И театральная практика доказывает его правоту. Возьмем хотя бы великолепную постановку «Бреда вдвоем», которую сделал Артём Гареев в Русском театре. Или «Носорогов», поставленных с молодыми актерами-любителями в студии Art-Chetrdak Татьяной Егорушкиной. Я не сравниваю все эти работы, я просто хочу сказать, что если непредвзято посмотреть на окружающую реальность, то окажется, что нас занесло в совершенно абсурдную реальность, и этот печальный факт становится бесспорным, как только мы начинаем мыслить непредвзято. А искусство показывает это в концентрированной и яркой форме, так как его метафорический язык способен достучаться до нашего сознания быстрее и действеннее, чем долгие рассуждения.

Скажу сразу, не откладывая на финальные абзацы, что постановка мне очень понравилась, и к ней у меня возникли только две большие претензии. Первая – Viimsi Artium, сооружение очень привлекательное, с хорошим театральным залом и большой, имеющей отличную аппаратуру, сценой, но место ему выбрано на самом краю поселка, до автобусной остановки не меньше семисот метров. Спектакль заканчивался – вместе с аплодисментами – ровно в десять вечера, а автобус в выходные дни отходит в 22.05, и чтобы не куковать минимум четверть часа до следующего рейса, требовалось. совершить марш-бросок в хорошем темпе.

А вот другая претензия, уже серьезная. MUDI – очень молодой проектный театр, и труппа, которую собрали режиссеры, неоднородна. Т.е. ритм держат все, и это уже хорошо, но молодые актрисы – да простят они меня – играют все-таки в основном первый план (к настоящей Золушке – хотя неясно, настоящая ли и она - это относится в меньшей степени, но ведь и роль ее режиссерски выстроена интереснее).

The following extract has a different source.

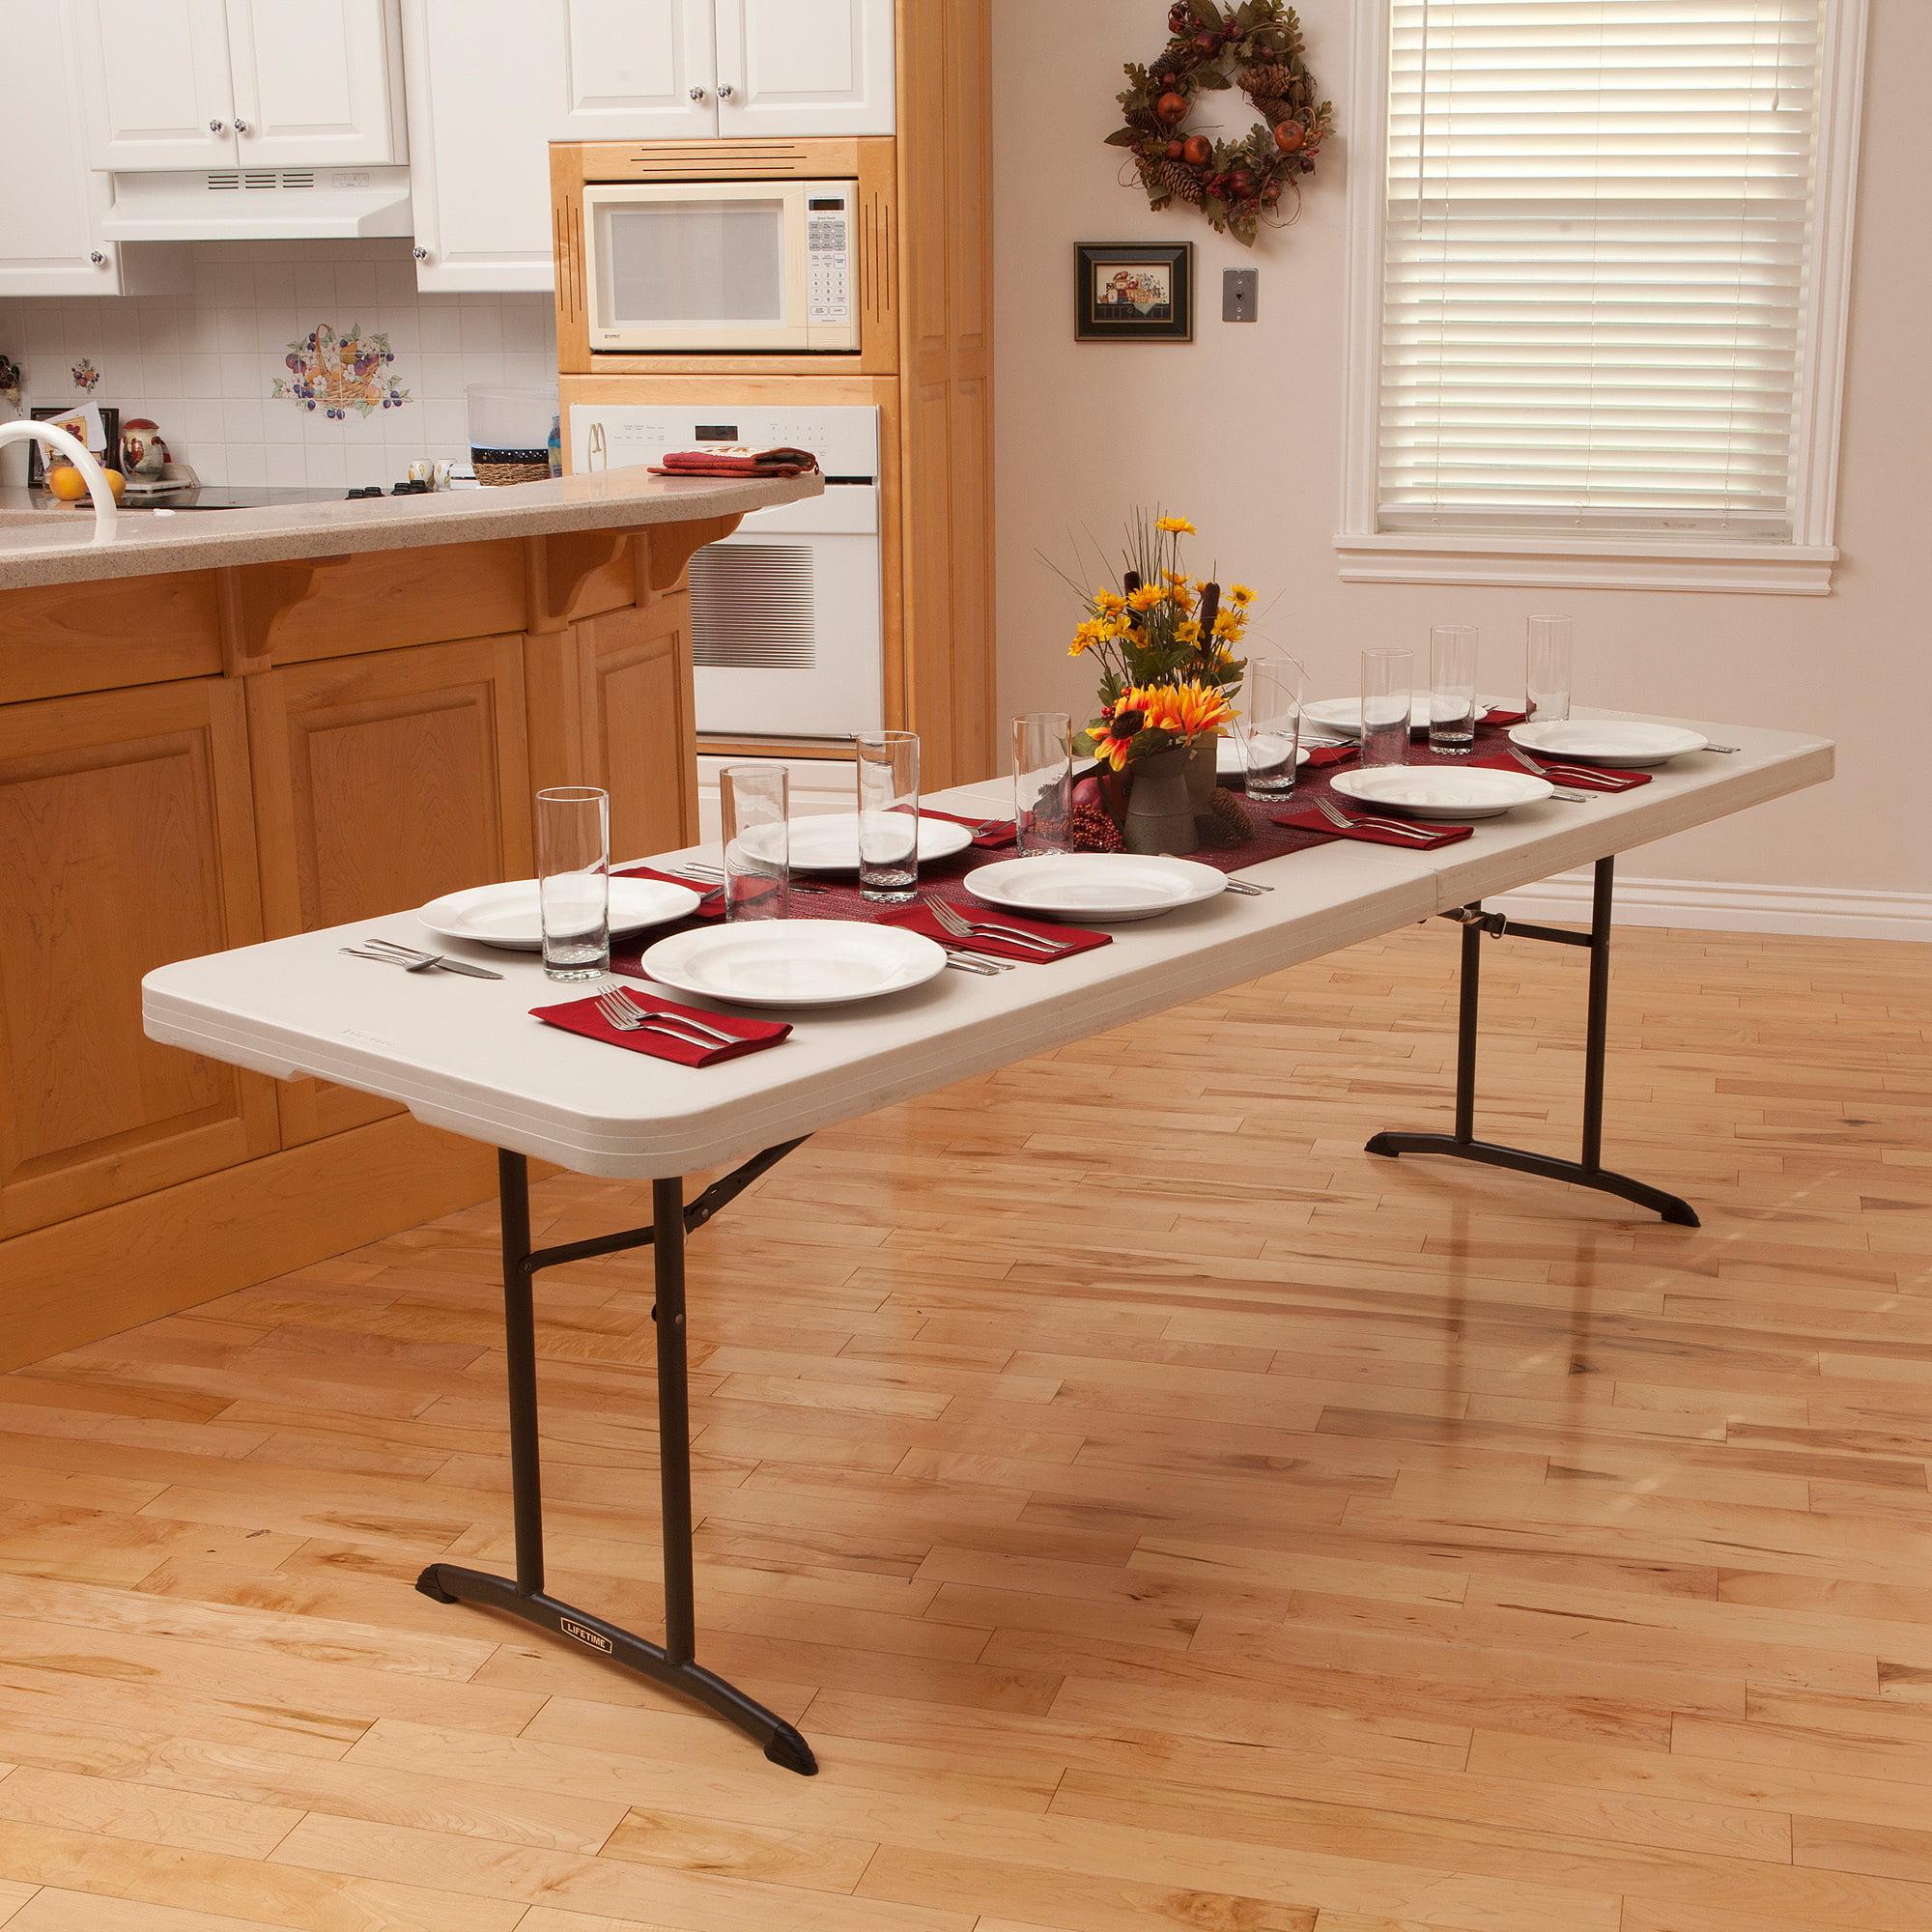 Lifetime 8' Fold-In-Half Table, Almond, 80175

Пяэру Оя играет Принца и его Двойника, который появляется на сцене ненадолго и не произносит ни слова; он приходит в дом вместе с Золушкой-Принцессой (потому что ритуал предусматривает ежегодные визиты счастливых супругов к своим корням и потому, что встревожен исчезновением настоящего Принца и должен контролировать ситуацию). Принц и Двойник почти неразличимы, оба растеряны и взвинчены; Принц много кричит, и это порой кажется излишним, однако – как бы вы повели себя в таком взнервленном состоянии, когда неясно не только что с вами происходит, но и кто вы вообще? А именно ответа на последний вопрос в конце концов приходится искать (и не находить) Принцу.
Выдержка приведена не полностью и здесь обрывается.